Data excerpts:
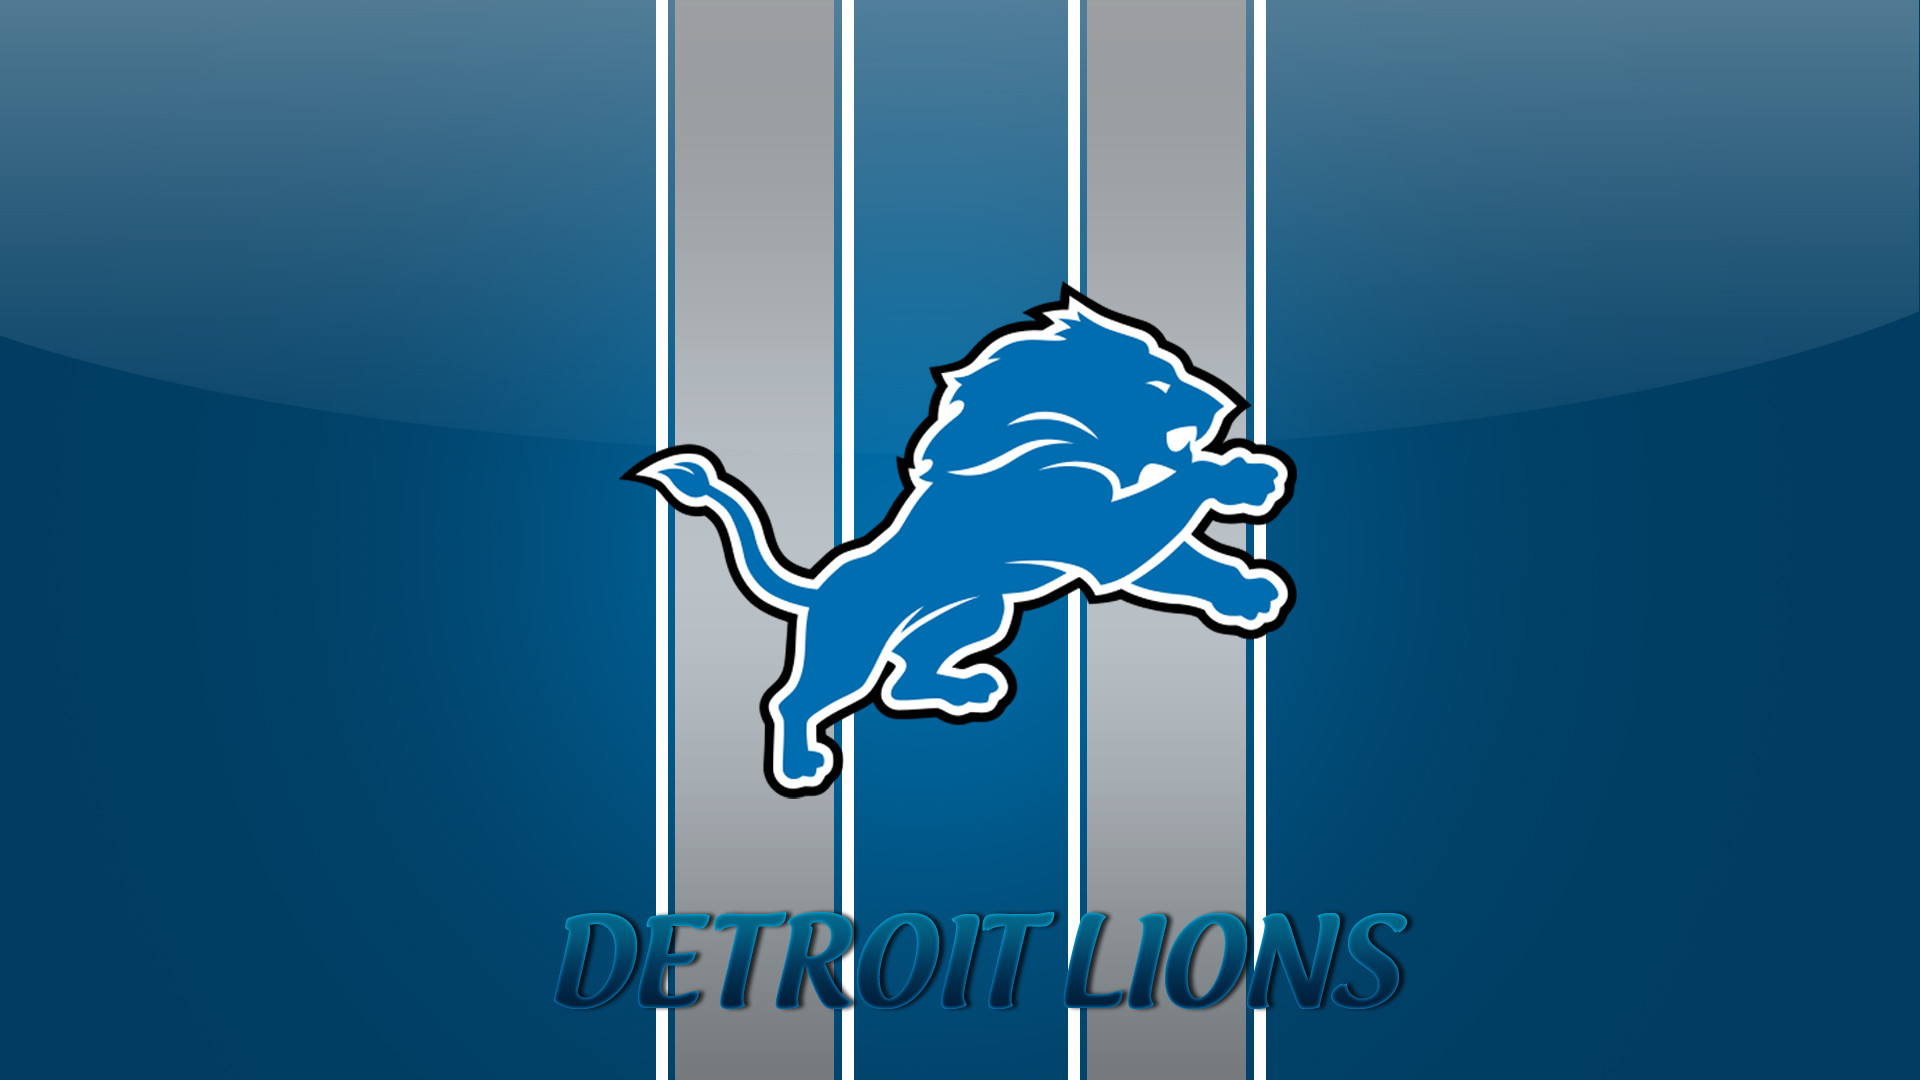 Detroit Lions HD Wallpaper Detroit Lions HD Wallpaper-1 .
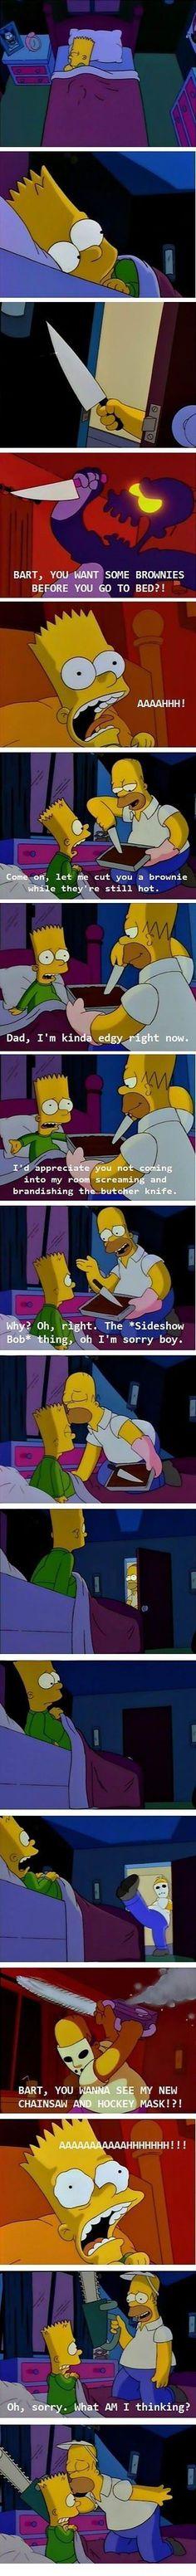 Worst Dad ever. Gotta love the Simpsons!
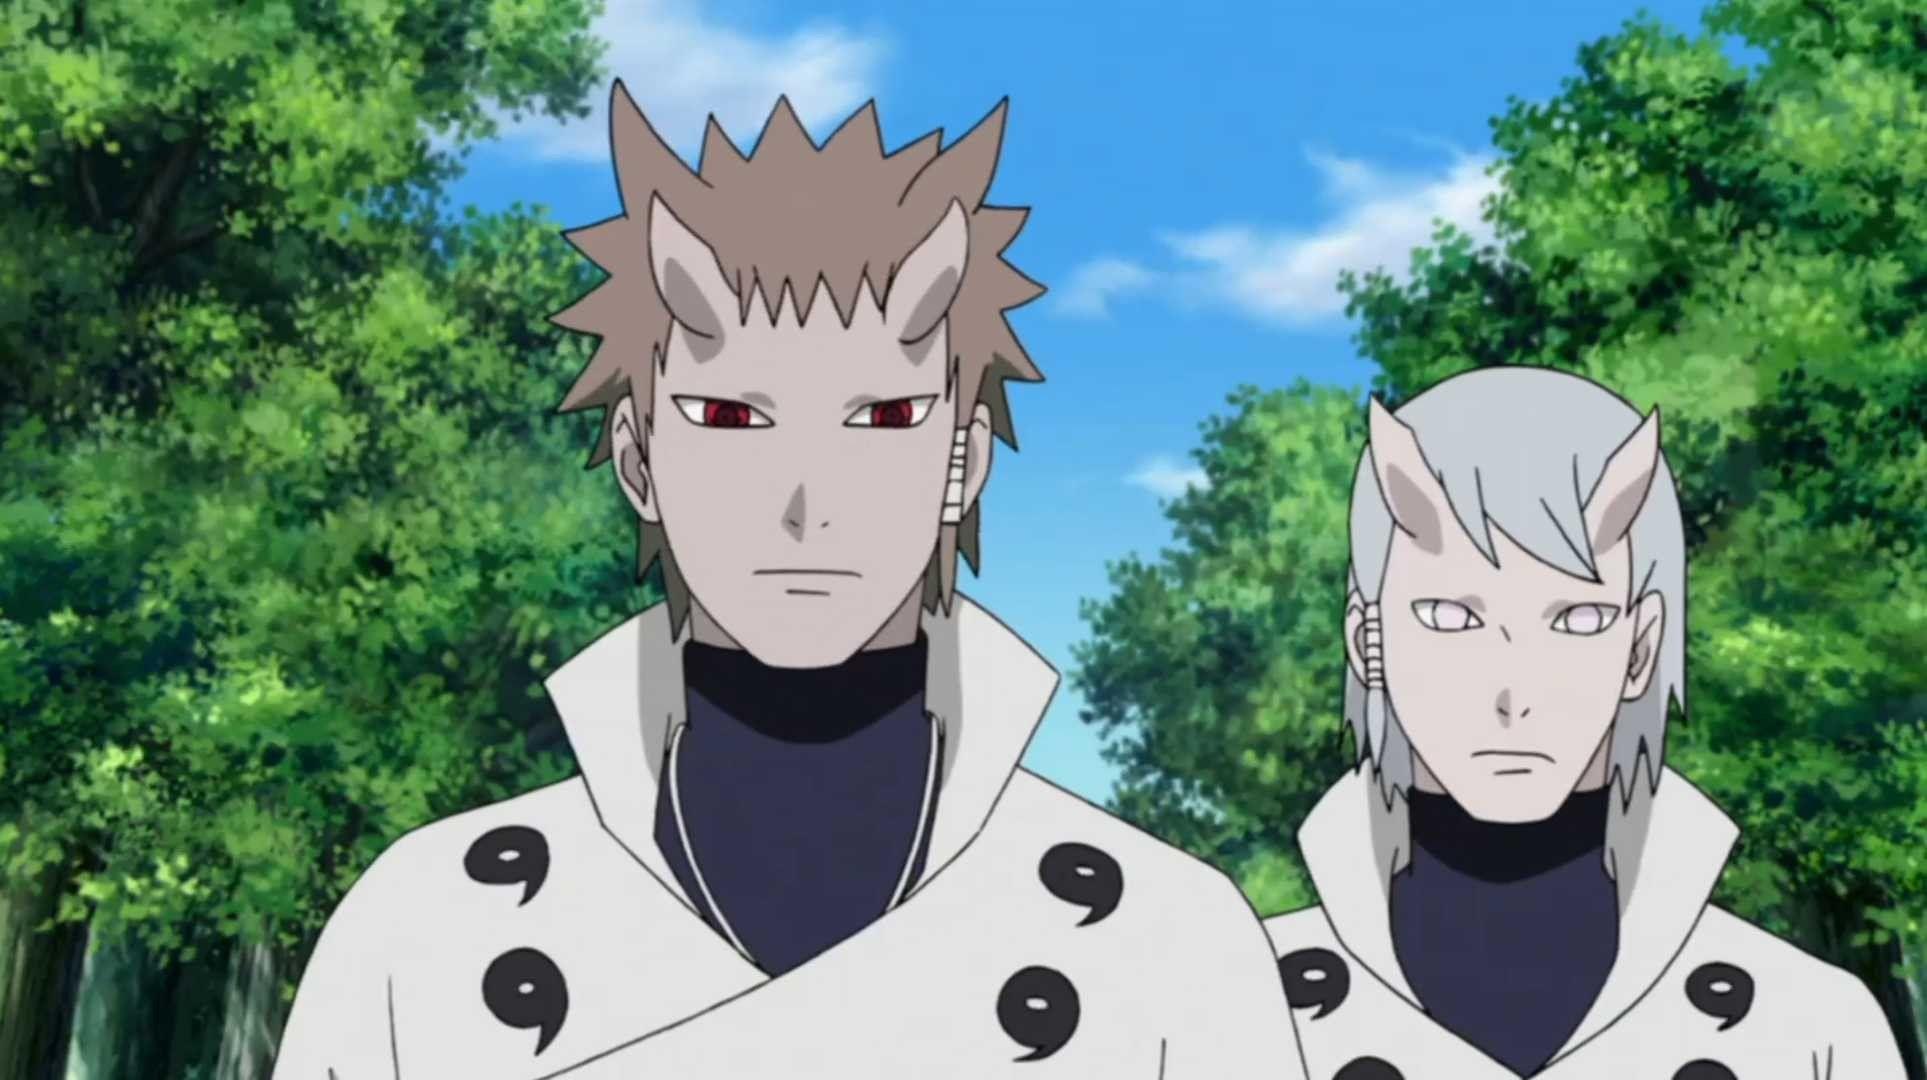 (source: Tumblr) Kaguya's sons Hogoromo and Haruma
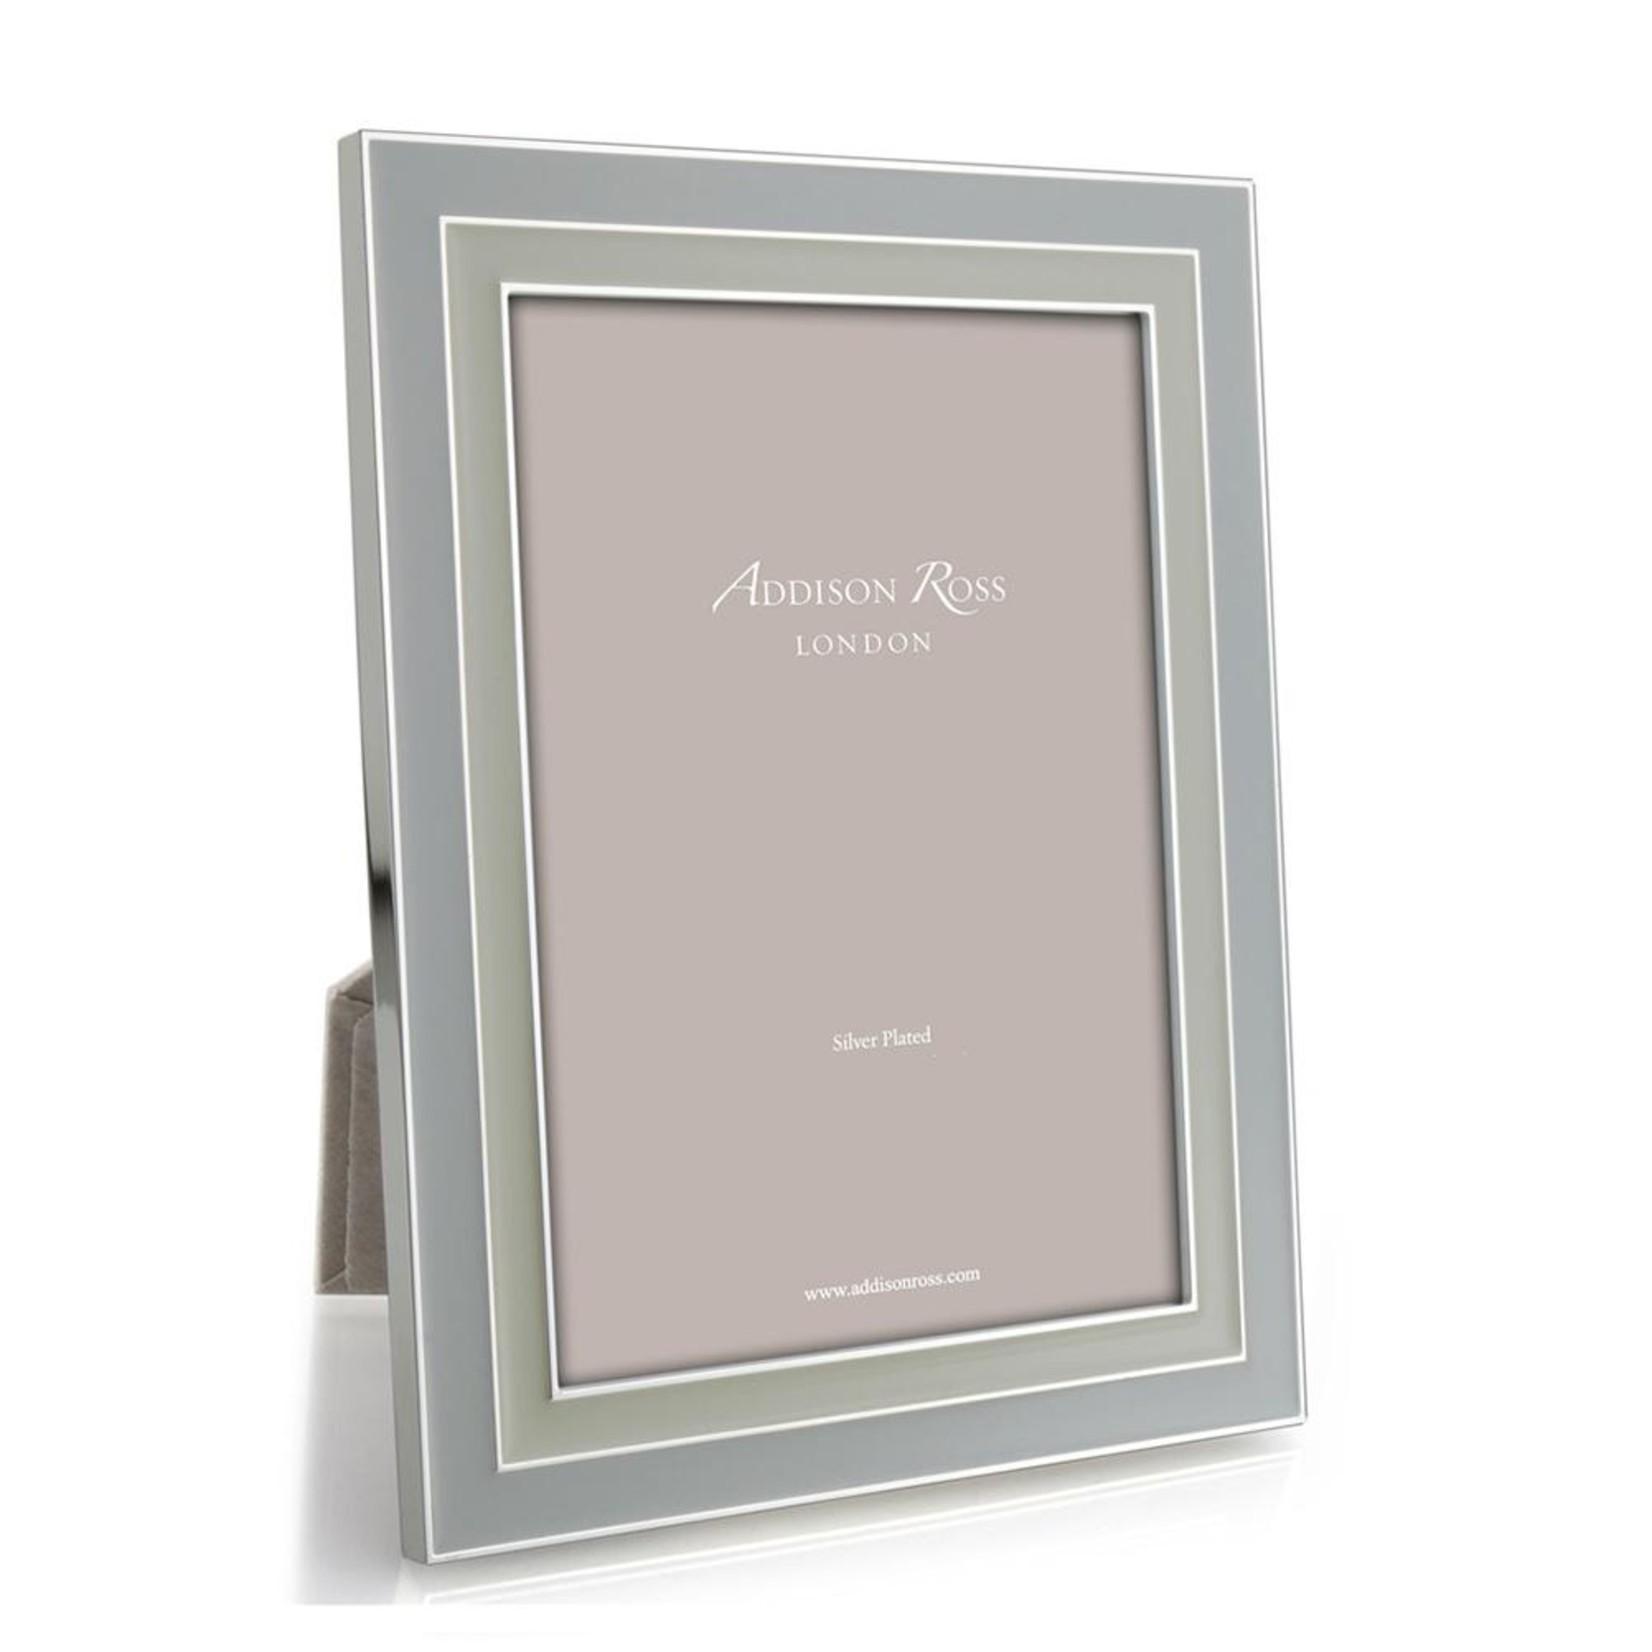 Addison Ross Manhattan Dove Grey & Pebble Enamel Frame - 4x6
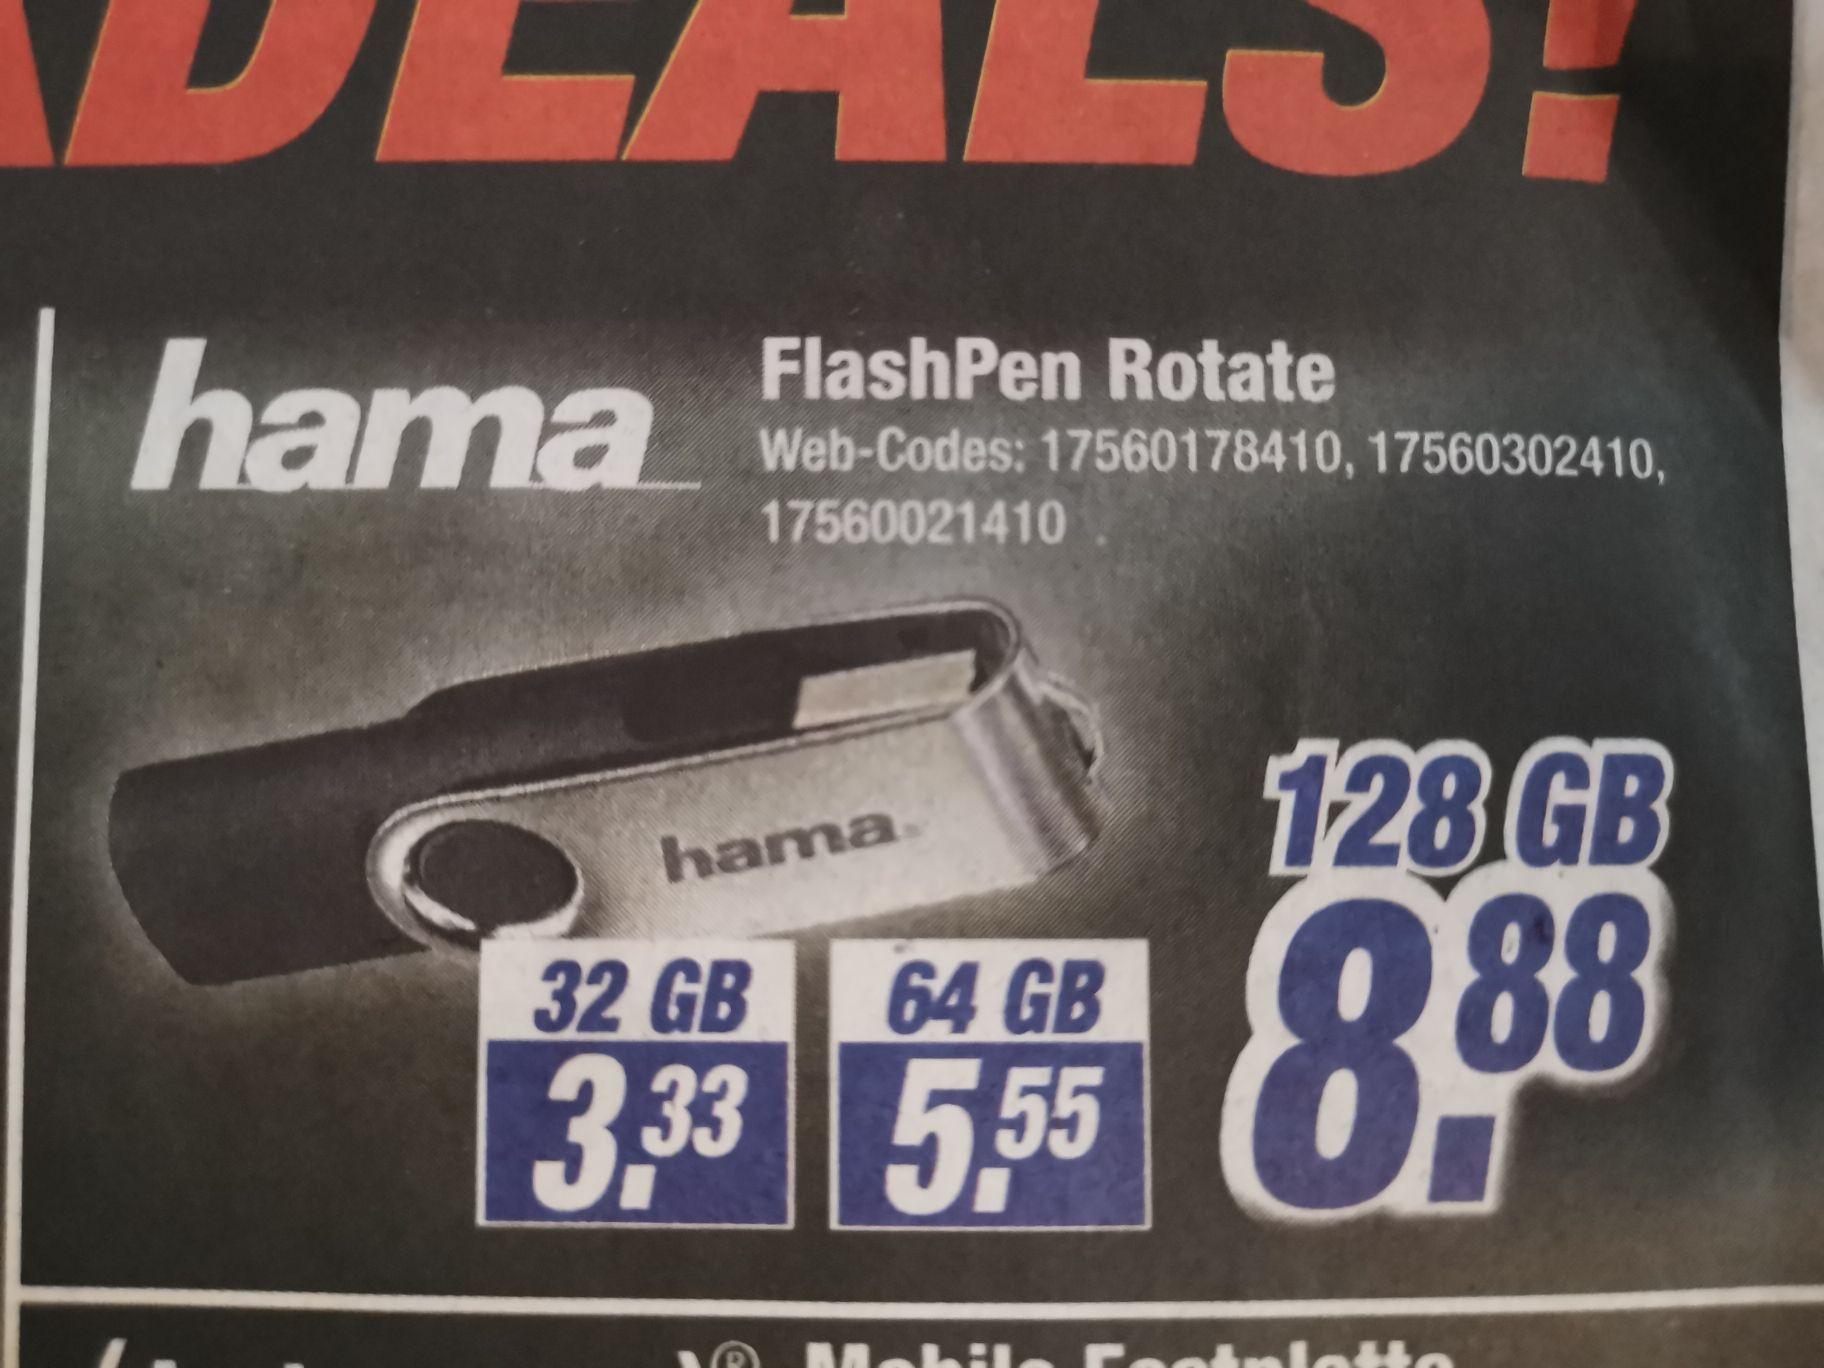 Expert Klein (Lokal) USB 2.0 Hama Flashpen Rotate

INSTRUCTIONS TO FOLLOW: Repeat every entry above precisely, leaving each picture out.

REPLY:
 Detroit Lions HD Wallpaper Detroit Lions HD Wallpaper-1 .
 Worst Dad ever. Gotta love the Simpsons!
 (source: Tumblr) Kaguya's sons Hogoromo and Haruma
 Addison Ross Manhattan Dove Grey & Pebble Enamel Frame - 4x6
 Expert Klein (Lokal) USB 2.0 Hama Flashpen Rotate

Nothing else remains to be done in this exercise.